Prompt
Write out the listing below in full and exactly, leaving out every picture.

------ Available data

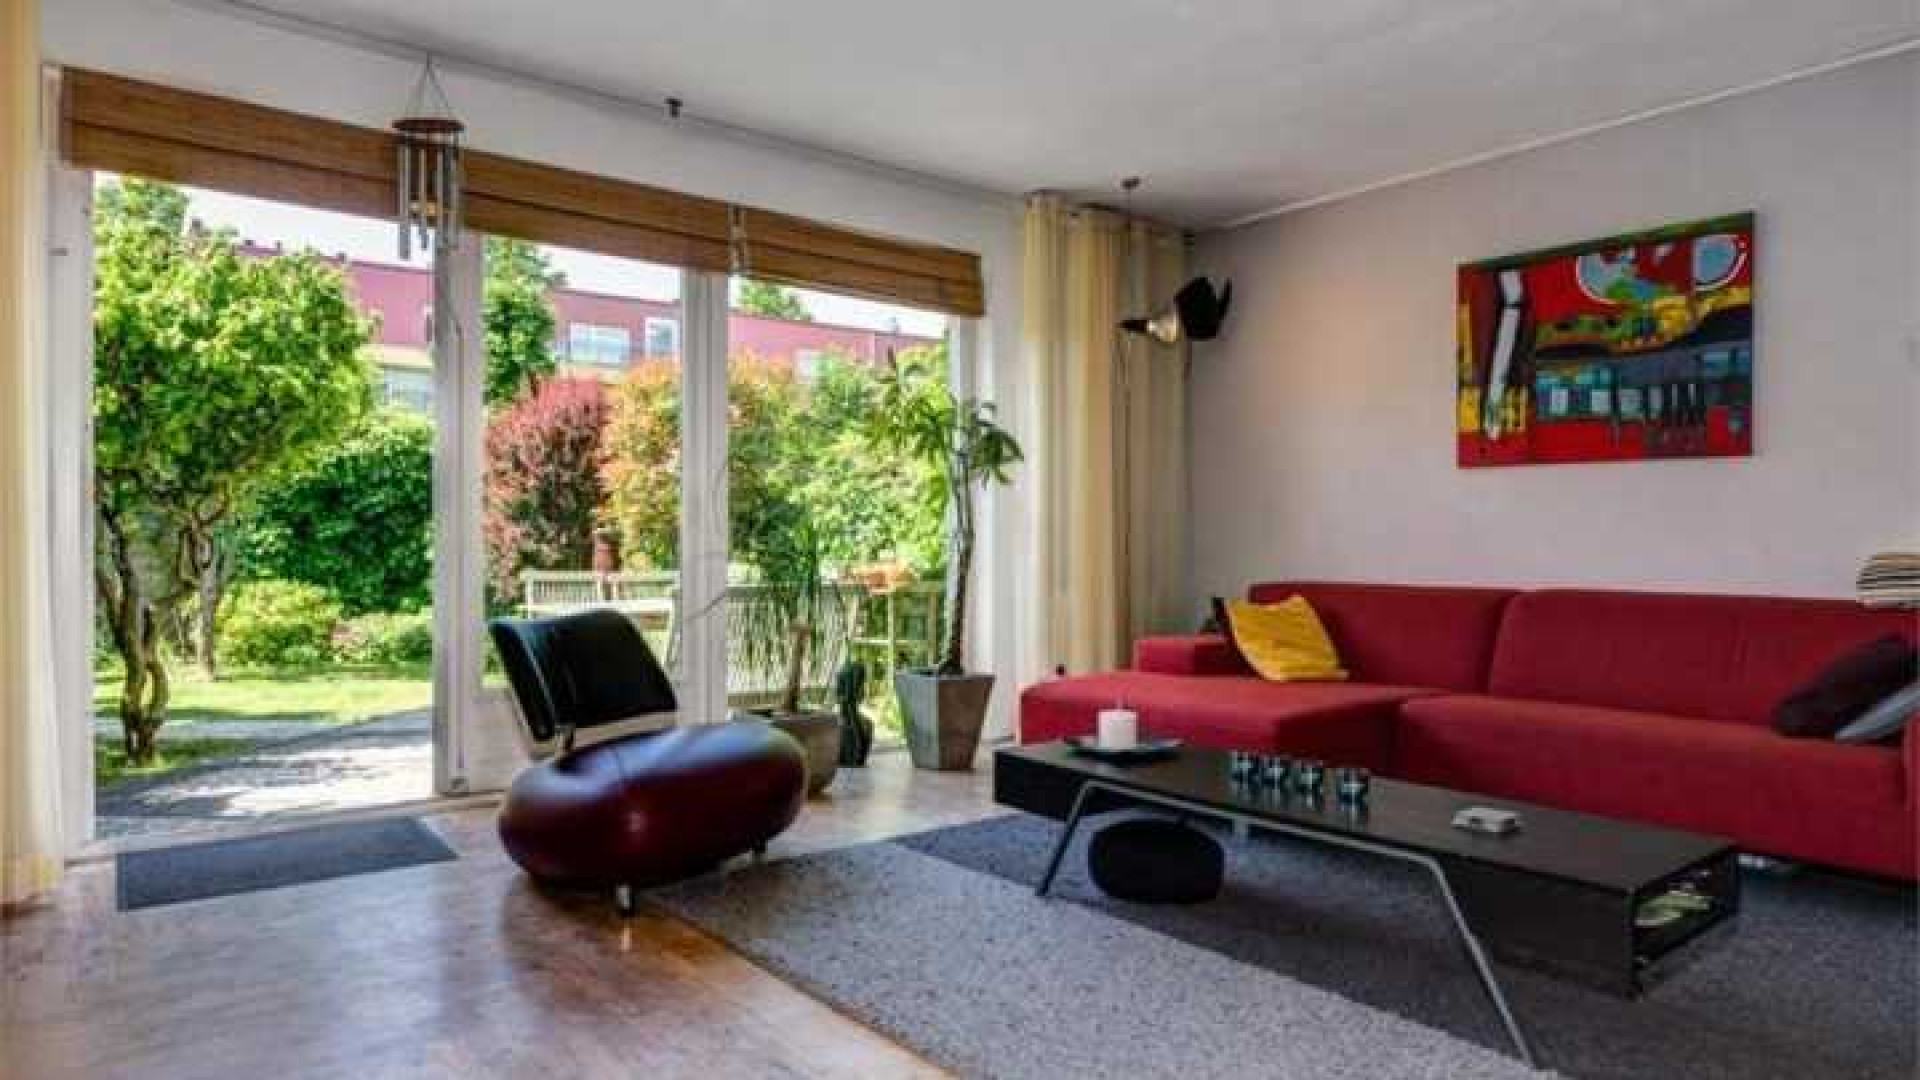 Robin van Persie koopt eengezinswoning in Rotterdam. Zie foto's
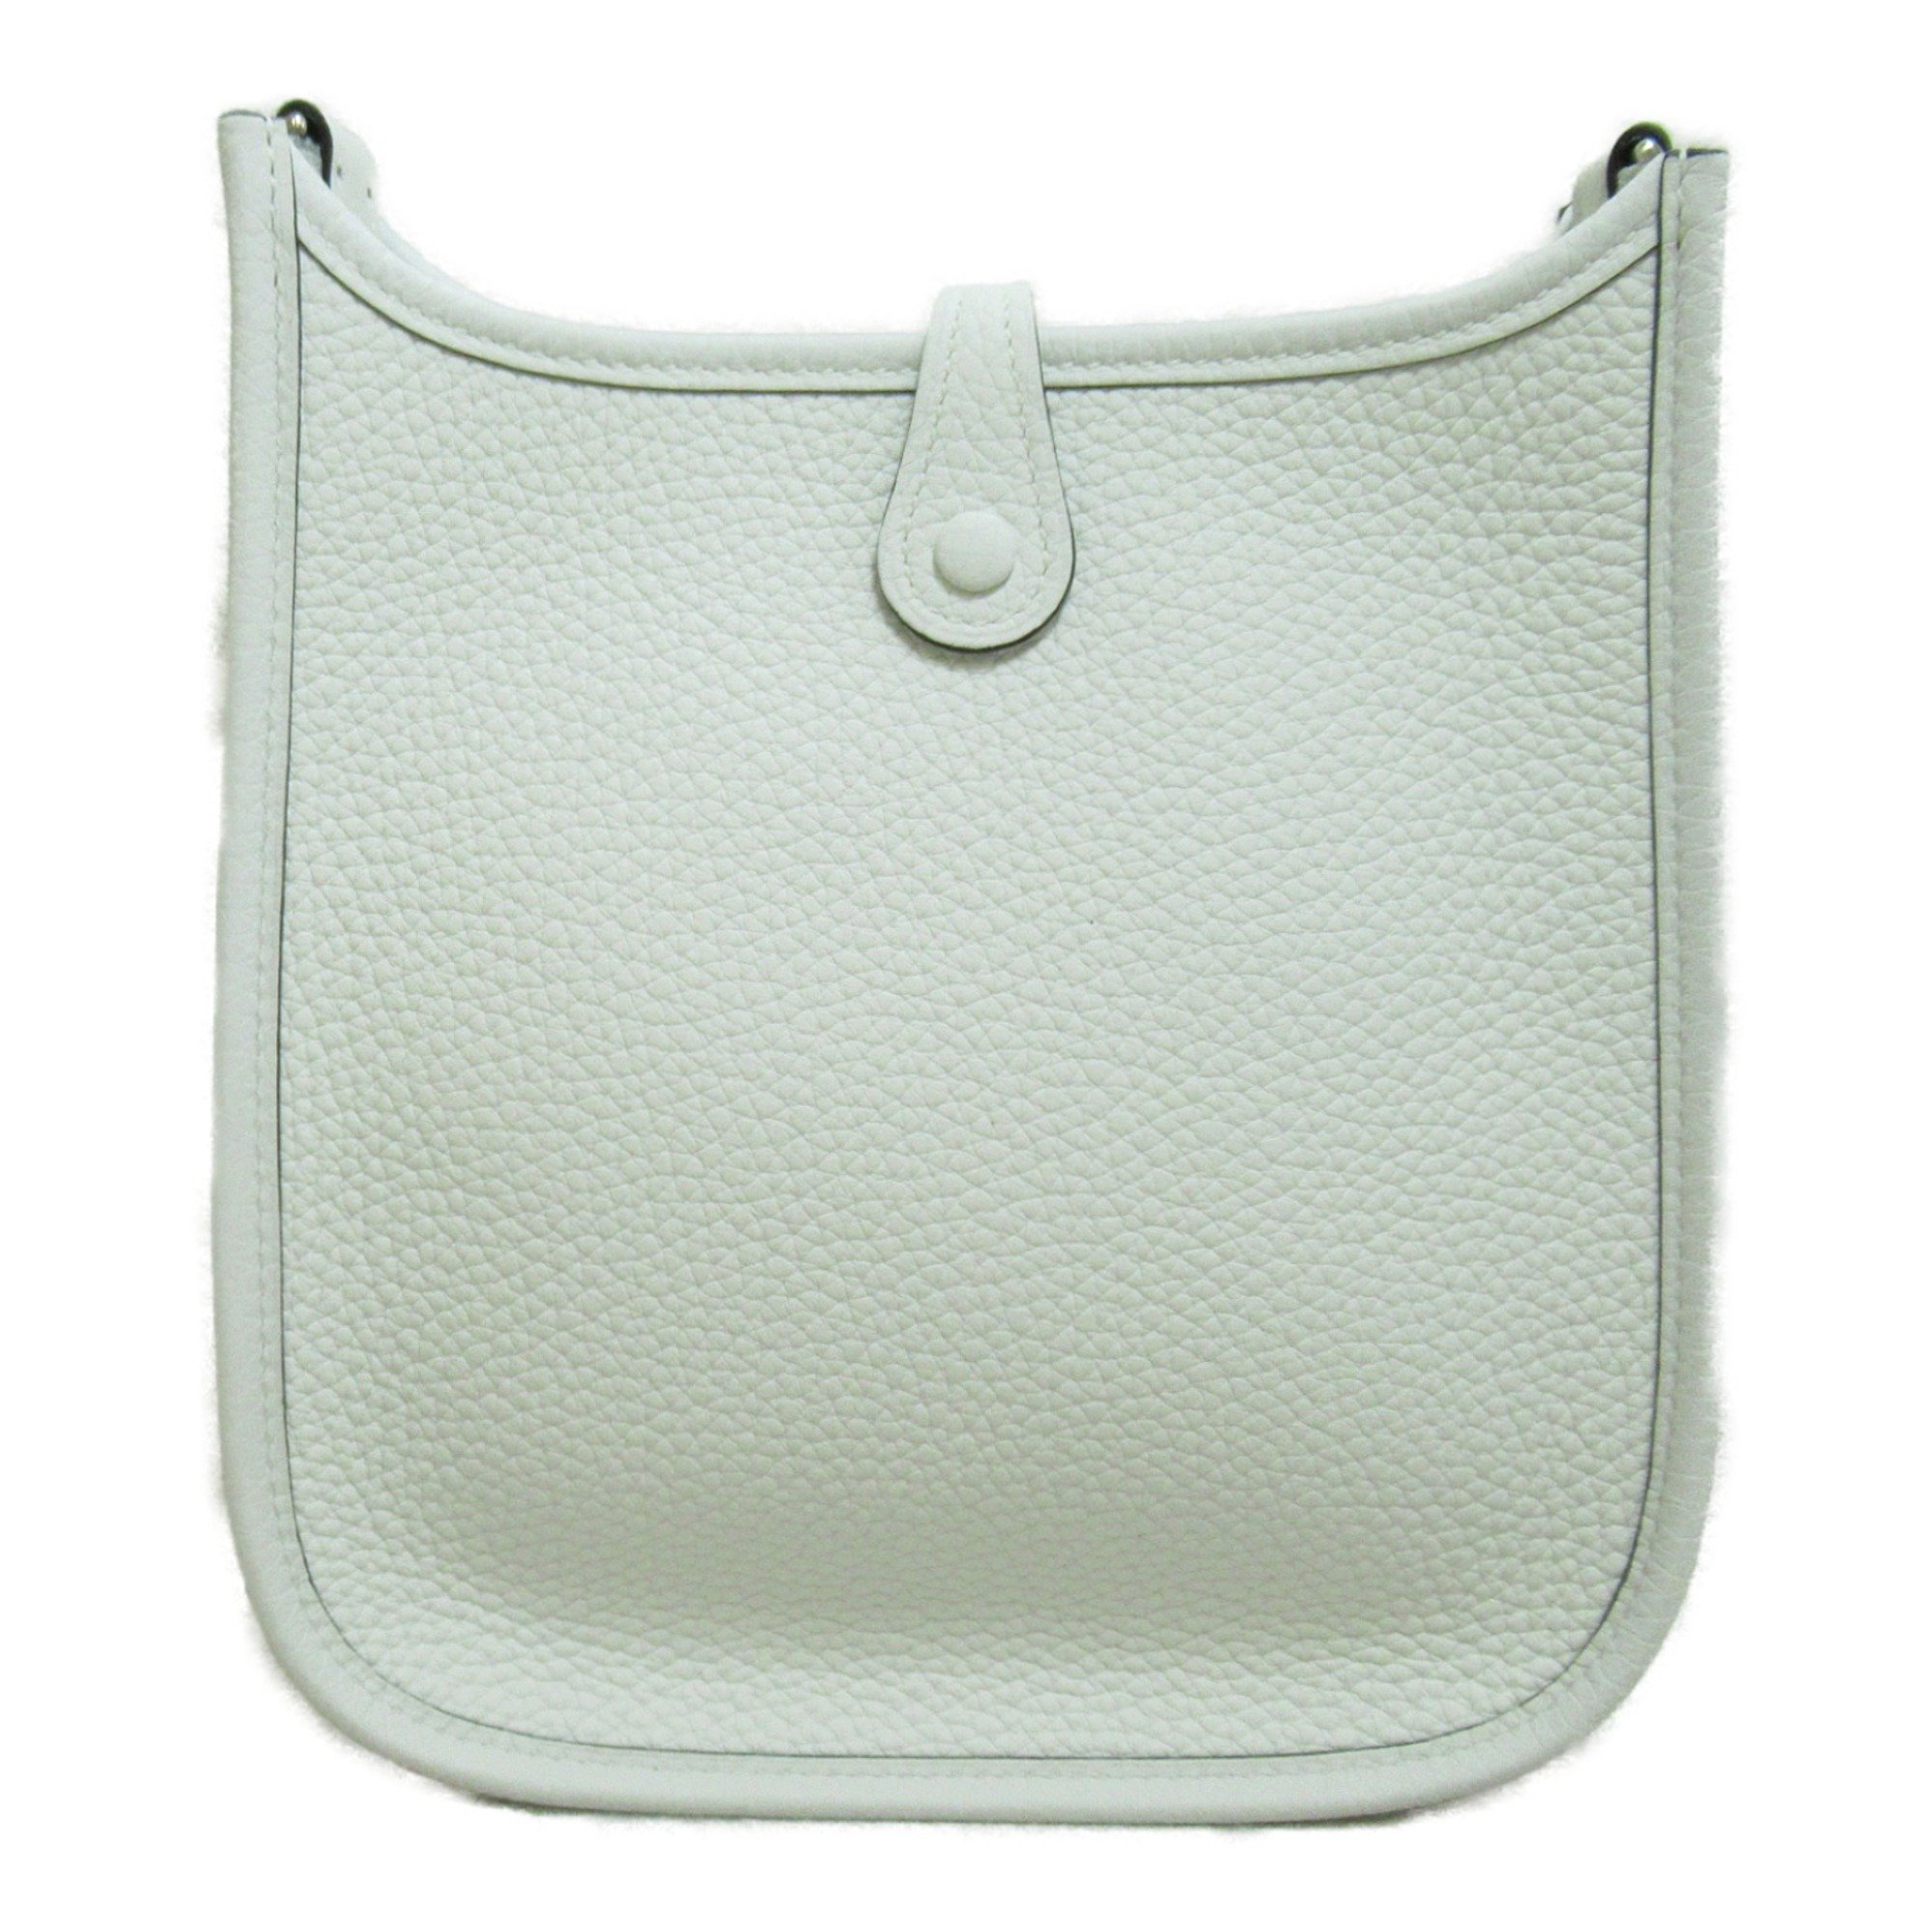 HERMES Evelyn TPM New White Shoulder Bag White New White Taurillon Clemence leather
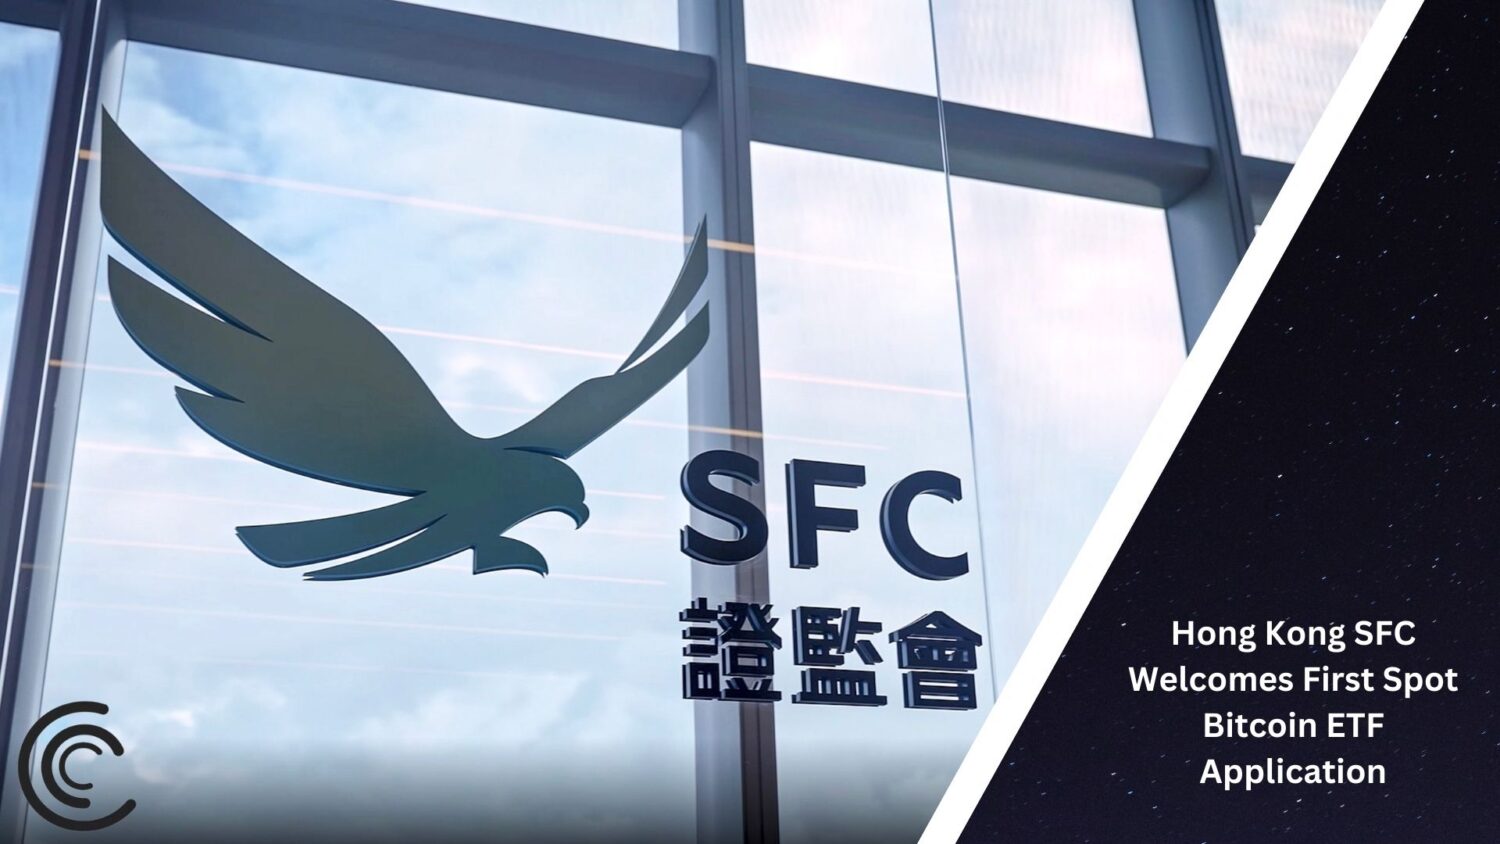 Hong Kong Sfc Welcomes First Spot Bitcoin Etf Application
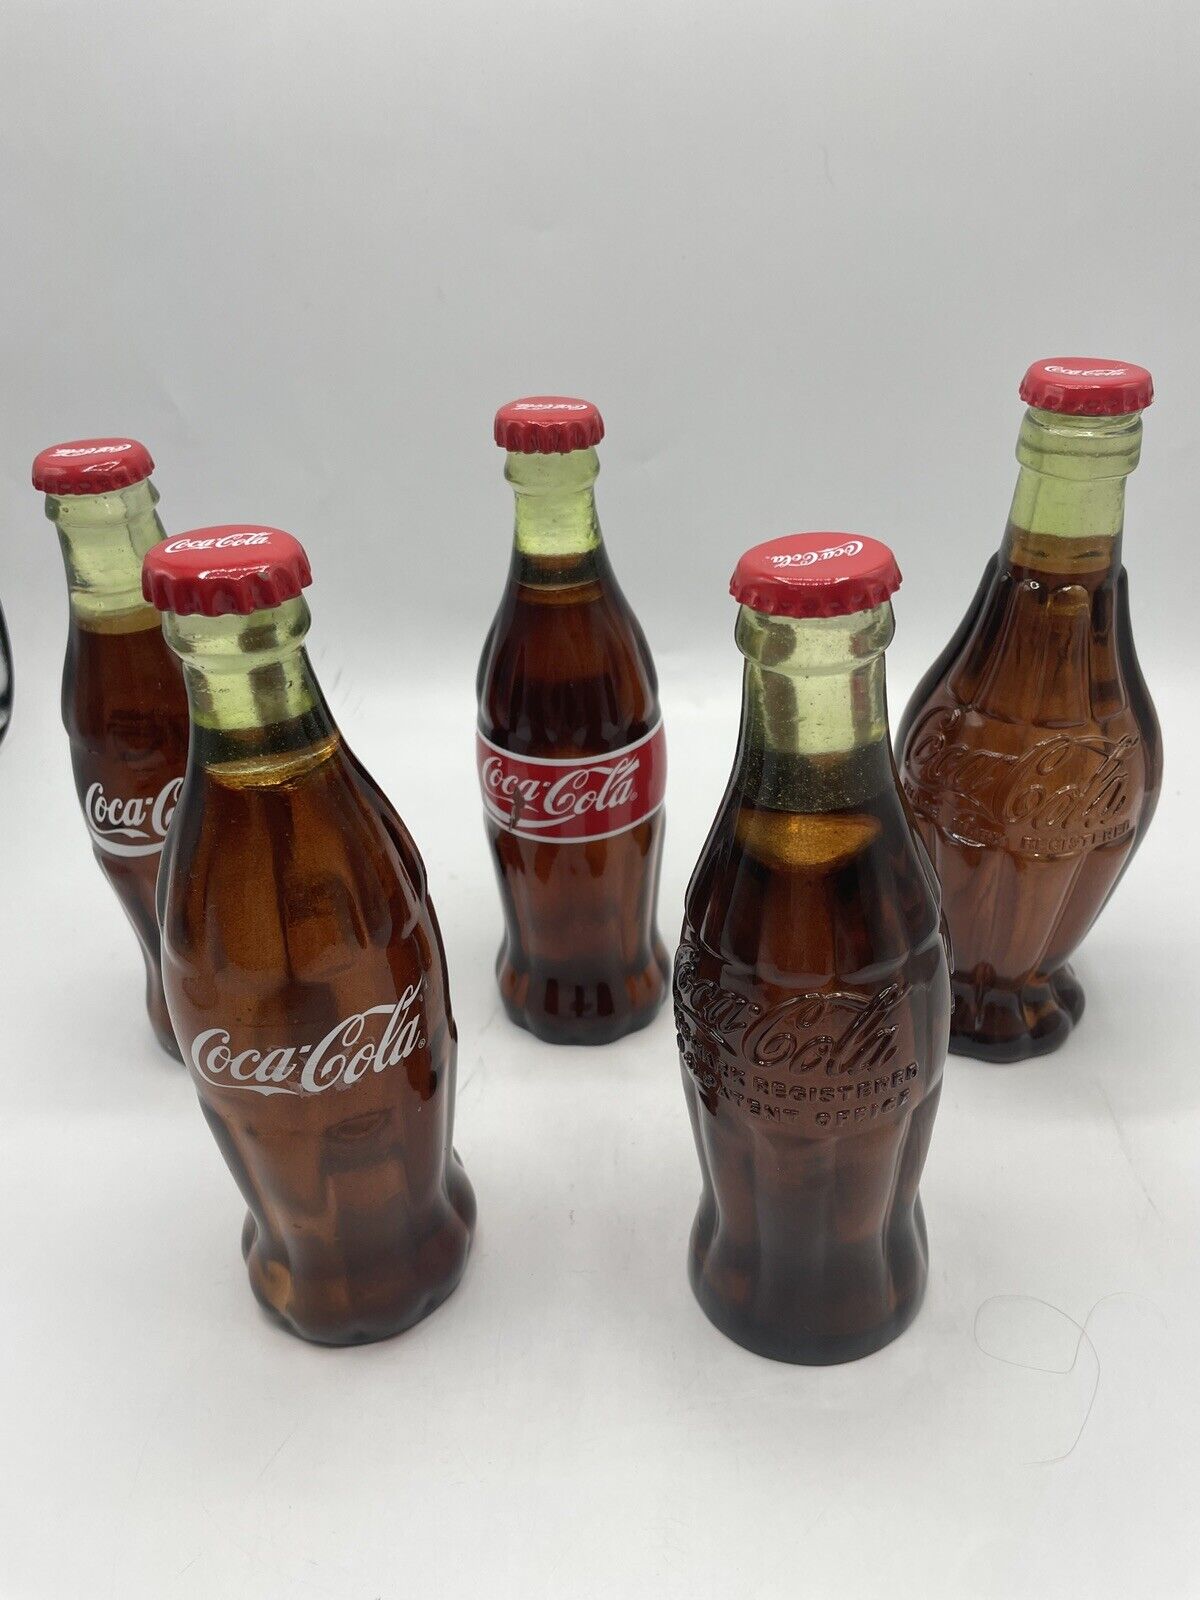 1915 1957 1961 1986 1991 plastic Replica COCA COLA Bottles Hamilton Collection

------------

The answer
 Robin van Persie koopt eengezinswoning in Rotterdam. Zie foto's
 HERMES Evelyn TPM New White Shoulder Bag White New White Taurillon Clemence leather
 Hong Kong Sfc Welcomes First Spot Bitcoin Etf Application
 1915 1957 1961 1986 1991 plastic Replica COCA COLA Bottles Hamilton Collection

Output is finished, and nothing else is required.